I figured it out...I figured out my new hobby. Brace yourself, you may not expect it. My new hobby is....me. Yep, that's right. M-E...me.
Don't we all need to spend a little time with ourselves/on ourselves? YES. It's healthy. It's needed. I think I'll get more mani's and pedi's ;) spoil myself a bit. But out of all seriousness...
I'm going to work on being healthy, in every aspect. Healthy physically, healthy mentally, create healthy relationships....just plain old healthy. Healthy Haley, I like it.
I guess laying in bed hours upon hours really makes you think about things, reevaluate, and figure out what needs to change in our lives. Because let's face it, something can always afford to be changed. Hey, I guess I can work on healthy sleeping habits too.
For starters, let's work on healthy physically. Let's face it, I've let myself go a little bit. Maybe a lot bit. I'm married, I won my man, I can skip weeks and weeks of working out and eat whatever I want. And gain weight. Icky. I actually...can not. Because when I become unhealthy physically, I become unhealthy mentally...and that is pretty for no one. And that even makes relationships unhealthy. It just does. Read my next paragraph to understand a bit better.
I read an article about how bad body image makes you afraid of socializing. And while I'm not necessarily afraid to talk to people I can totally see it is true. If you're not comfortable with yourself then you definitely tend to stay back in the shadows more. Learned it first hand. Do not like it.
Anyway, back to the "for starters"...yes, physically healthy. We're going to tone this body right up, and we're going to do it the right way this time, because the wrong way will ALWAYS come back to bite you in the behind. Promise.
And mentally...well that'll be an adventure. Positive talk, here I come. I don't even know what to say about this because I'm embarrassed. I just know it will take work.
Healthy relationships...let's just say I'm going to just be a nice person to everyone. Life is really just so much easier that way. Too much energy is wasted holding grudges and thinking bad/mean/upsetting/etc thoughts. Every single person has good qualities about them, and that's what I'm going to seek.
And this will be the tough thing...I'm going to get over this "let's be lazy and feel bad for myself" mentality. If I don't like it then I better fix it. My apartment WILL stay clean, mark my words. When my apartment is messy, like it seems to be a lot lately, I feel like I fail. So it really is huge that I keep it clean and have a nice "home". It's important that I "clean" up a lot of things right now.
I'm going to get the sleep I need so I don't drag all day long, and I'm going to accomplish lots and feel that accomplishing feeling that I love, and unfortunately, miss so much. I'm going to make myself feel important.

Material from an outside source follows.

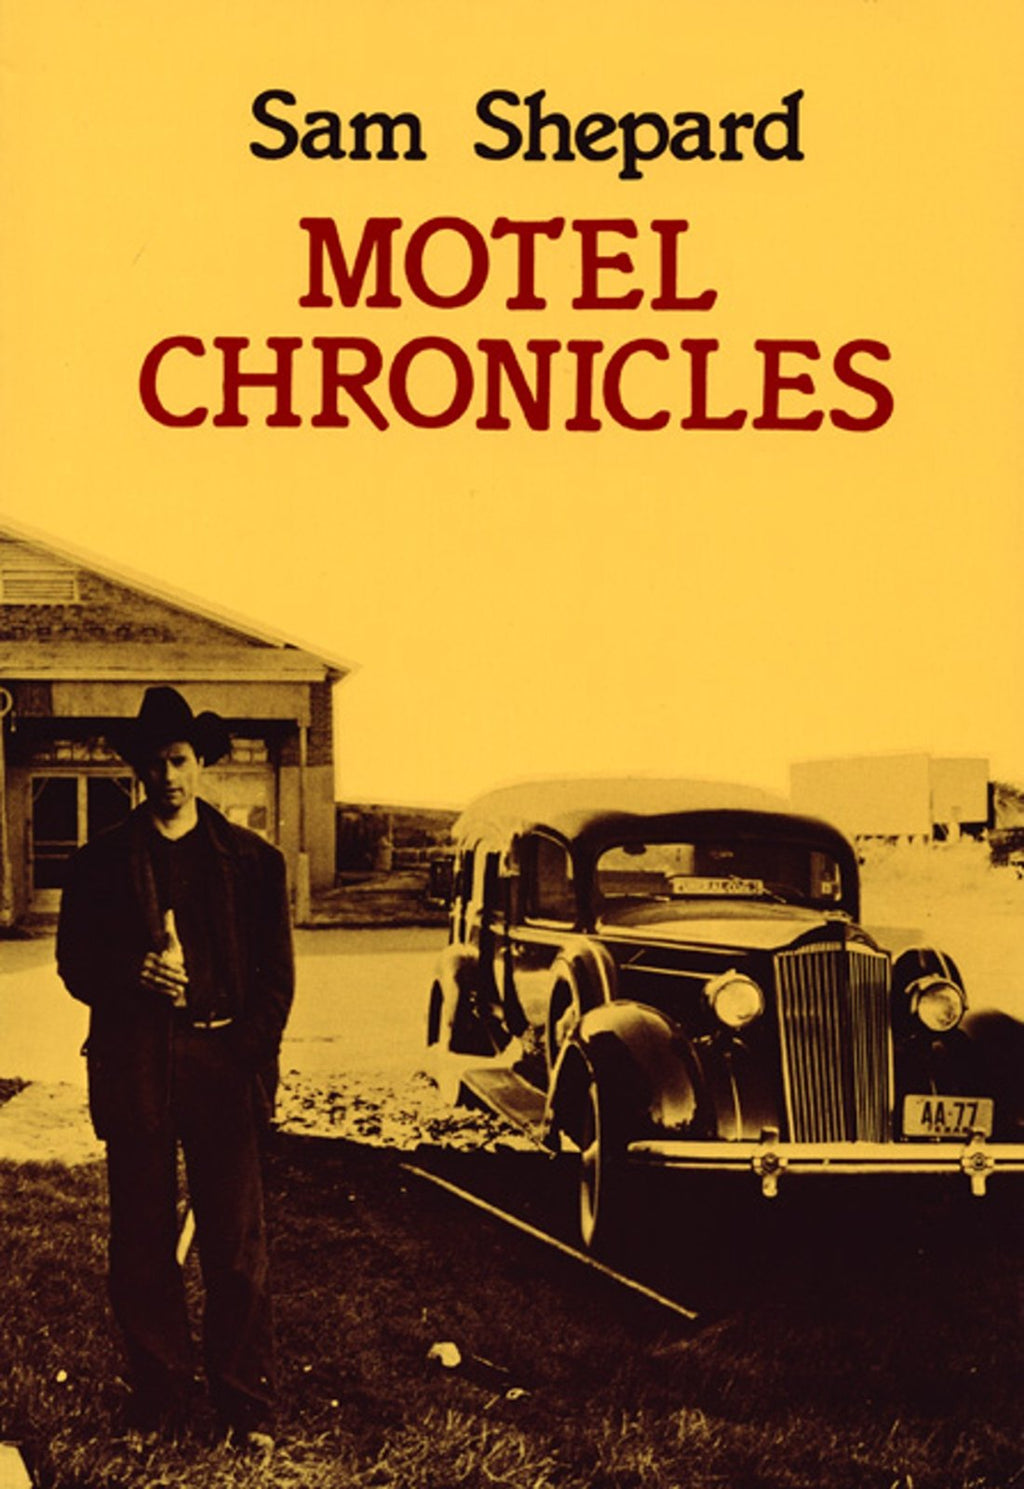 Motel Chronicles by Sam Shepard

No worries, we're not all serious. I still plan on finding a fun hobby, like crocheting ;) but how will I ever enjoy something if I don't enjoy the simple things first? Especially if I don't enjoy me. I guess this blog will now be dedicated to continuing my thankfulness, but also to talk about the changes that I am so ready to make. I decided this because everything is so much better when you can talk about it. And yes, I can talk to my hubs about it all I want, but I just REALLY enjoy writing. So writing about it makes me feel way good too.
I can't believe I'm really being this out there and open about this...though I'm not being as open as some may think. But there comes a point where all you can do is let it out and talk about it.
I realize a lot of this probably doesn't make sense and seems jumbled, but it makes sense to me. And as soon as I start really making progress here I am confident that you'll see a difference and maybe understand better.